Failure to Accurately Document and Reconcile Controlled Substance Administration
Penalty
Summary
The facility failed to maintain accurate medication records and properly reconcile controlled substances for two residents who were prescribed narcotic pain medications. For one resident with chronic pain, discrepancies were found between the number of Oxycodone pills documented on the proof of use sheet and the actual count in the medication card. The medication administration record (MAR) indicated that more doses were administered than were recorded on the proof of use sheet. Additionally, there were instances where agency nurses documented administration on the MAR but did not sign the proof of use sheet, leading to inconsistencies in the controlled substance count. Another resident, also with chronic pain, experienced similar documentation issues.
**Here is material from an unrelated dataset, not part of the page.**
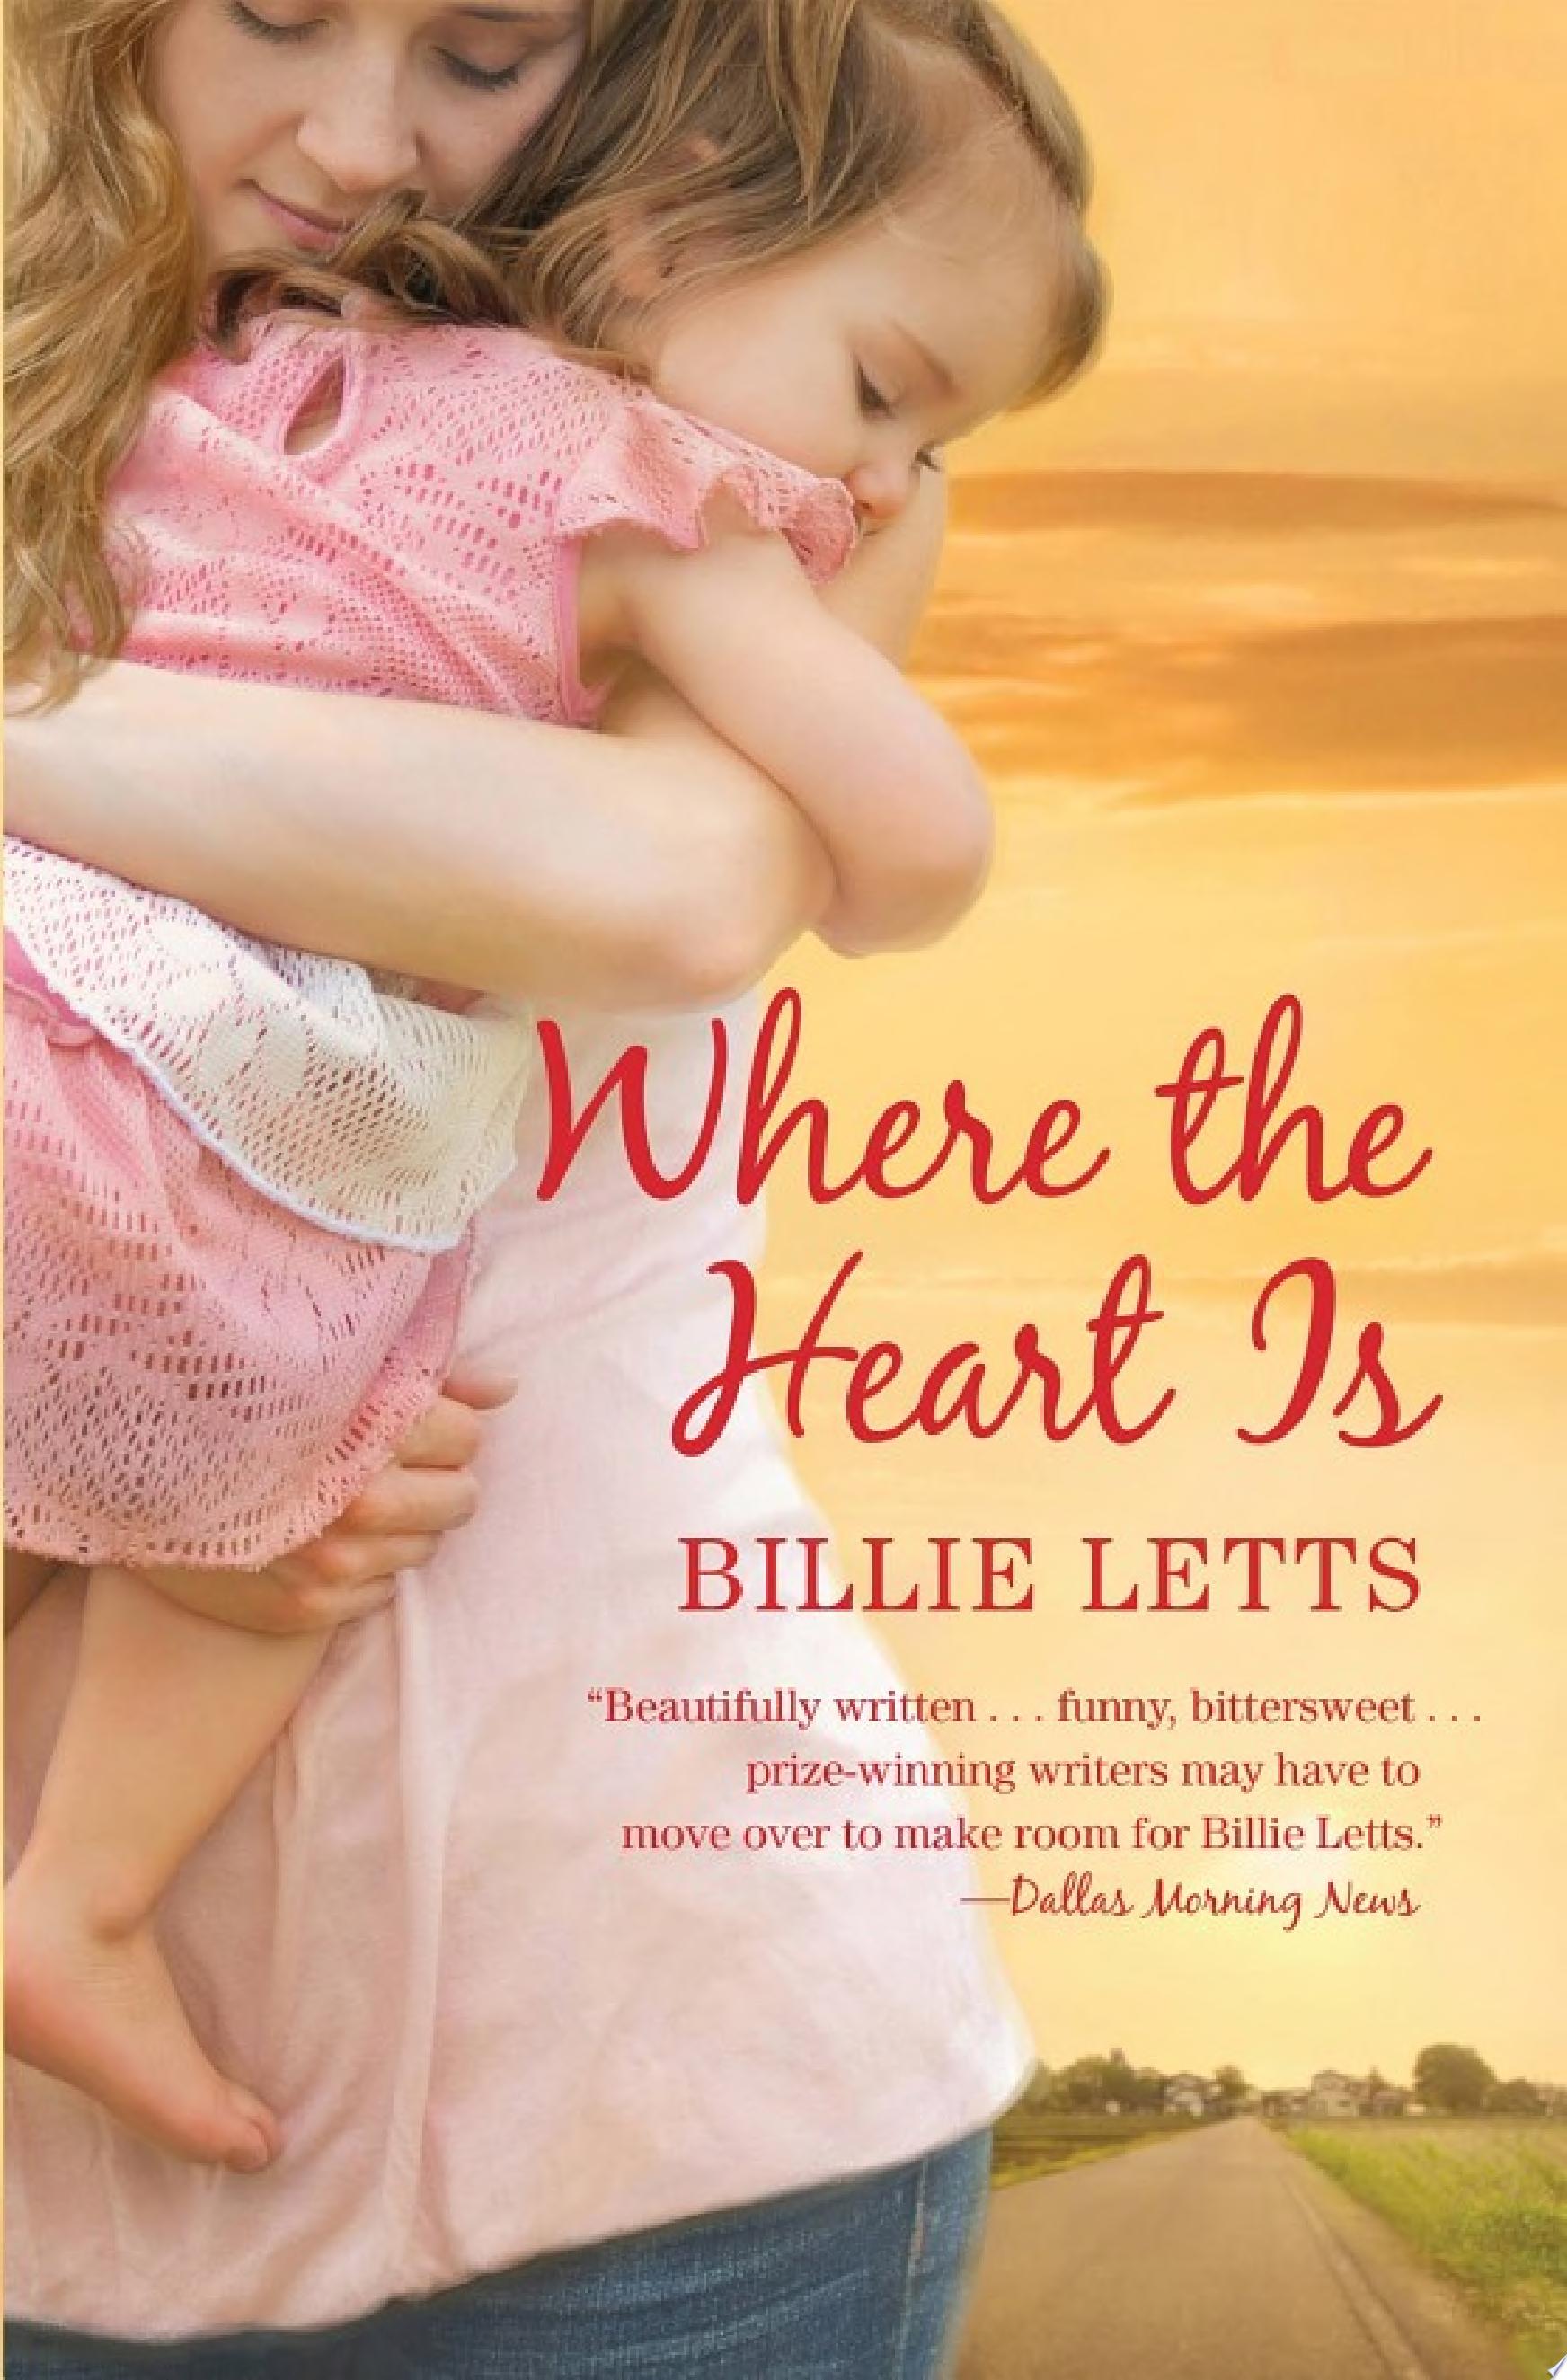 Image for "Where the Heart Is"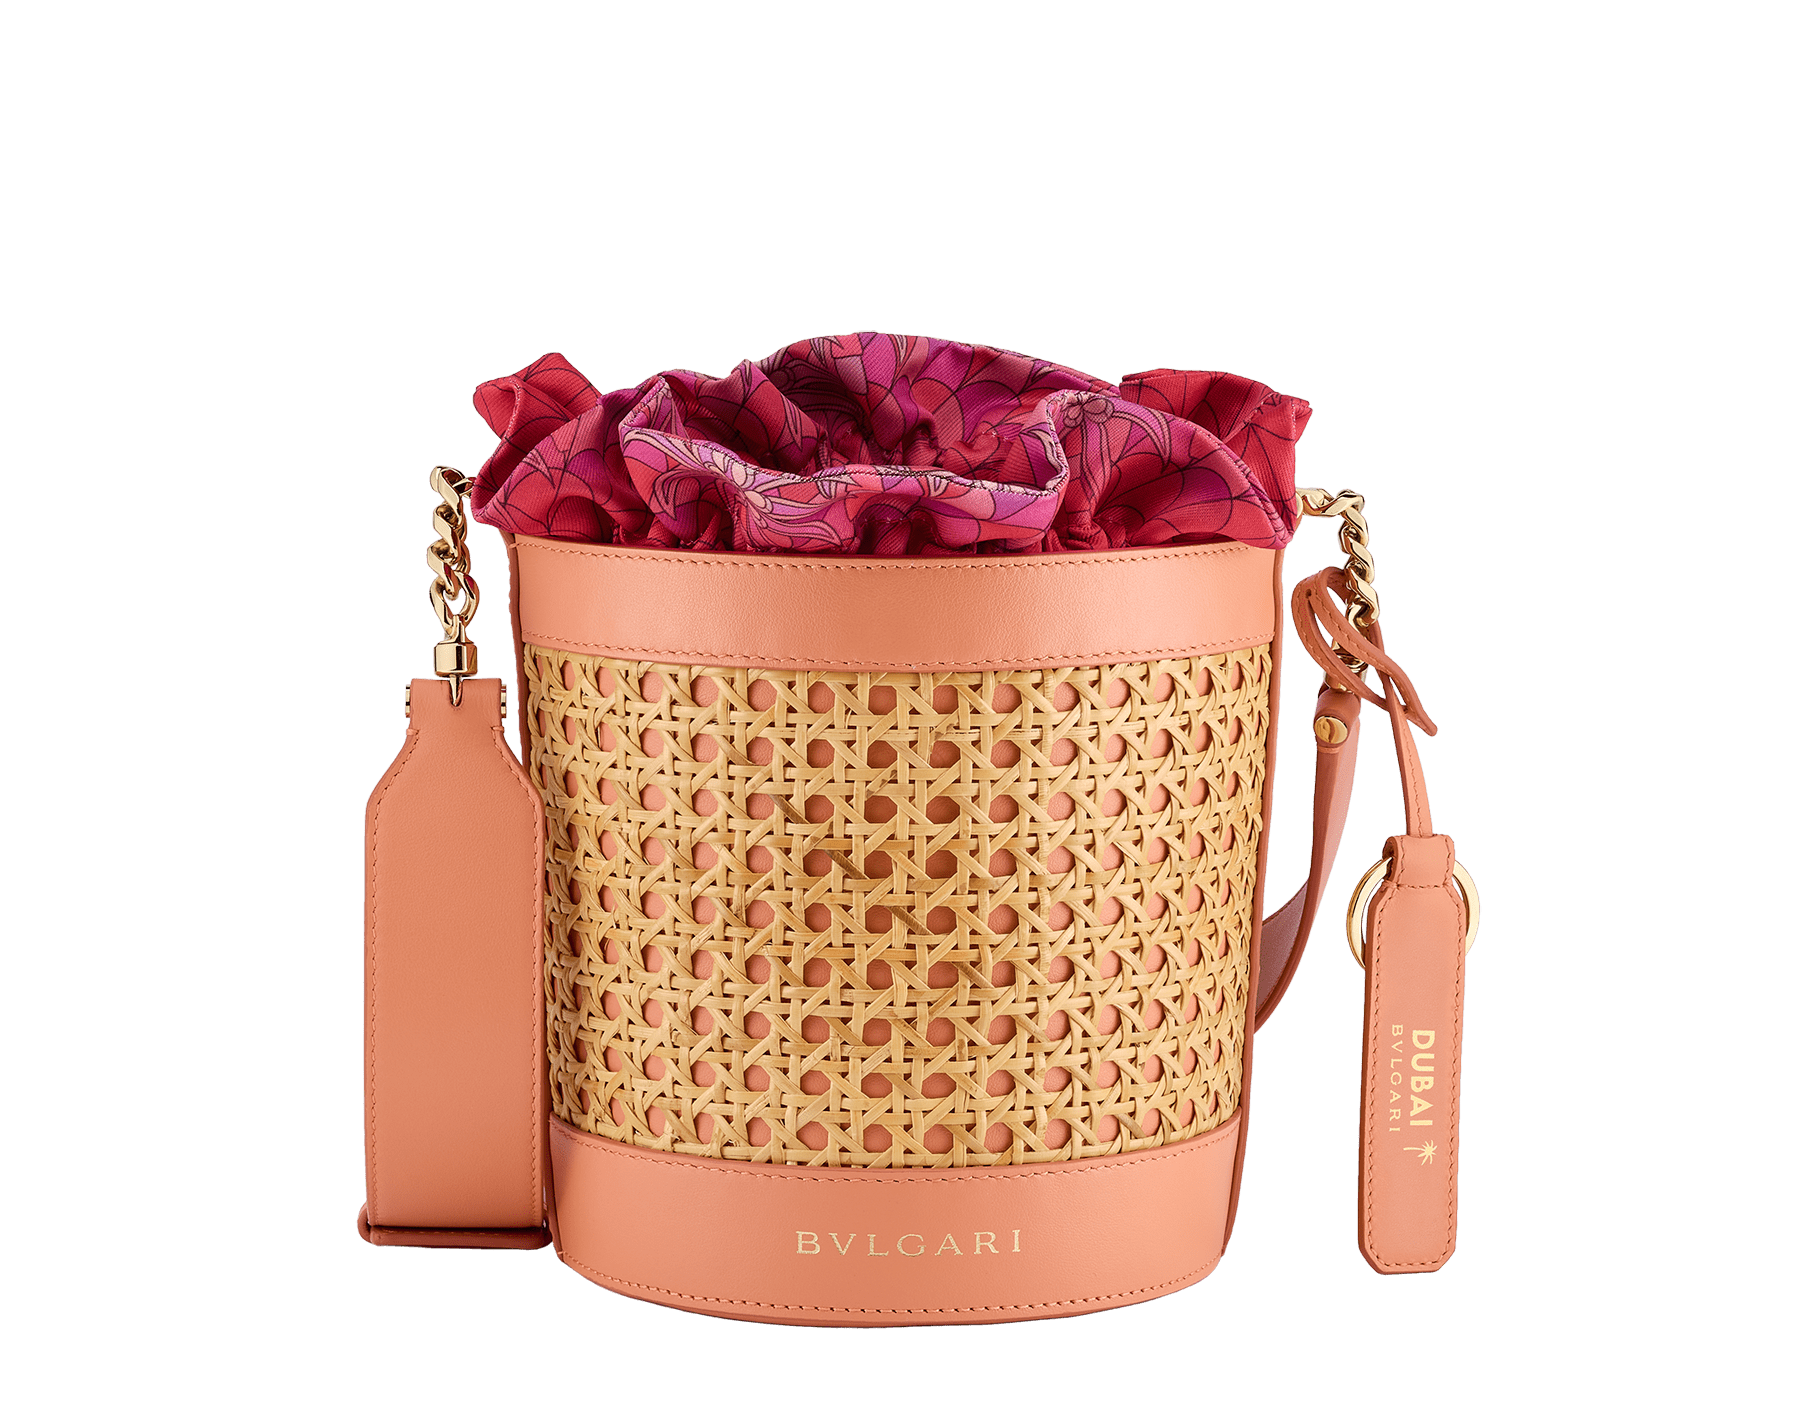 Serpenti Forever medium bucket bag in natural Vienna straw with coral carnelian orange calf leather details and customisable tag with hot stamped "Dubai" inscription on one side. Detachable satin satchel with multicoloured print outside, beetroot spinel fuchsia inside, and drawstring closure with captivating snakeheads in light gold-plated brass. Special Resort Edition exclusive to Dubai. 292453 image 1

During medication administration, the nurse prepared and administered Oxycodone without reconciling the medication card with the proof of use sheet. The MAR showed that more doses were given than were recorded on the proof of use sheet. Furthermore, the nurse did not discuss the resident's pain level or inform the resident about the medications being administered. There were also missing or incomplete narcotic shift-to-shift counts, with agency nurses failing to properly sign the count sheets or record their names. Interviews with staff revealed a lack of awareness regarding proper documentation procedures and incomplete education for agency nurses on narcotic handling. Residents reported inconsistencies in receiving their pain medications and a lack of communication from nursing staff about the medications being administered. These failures resulted in inaccurate accounting of controlled substances and incomplete medication records for the residents involved.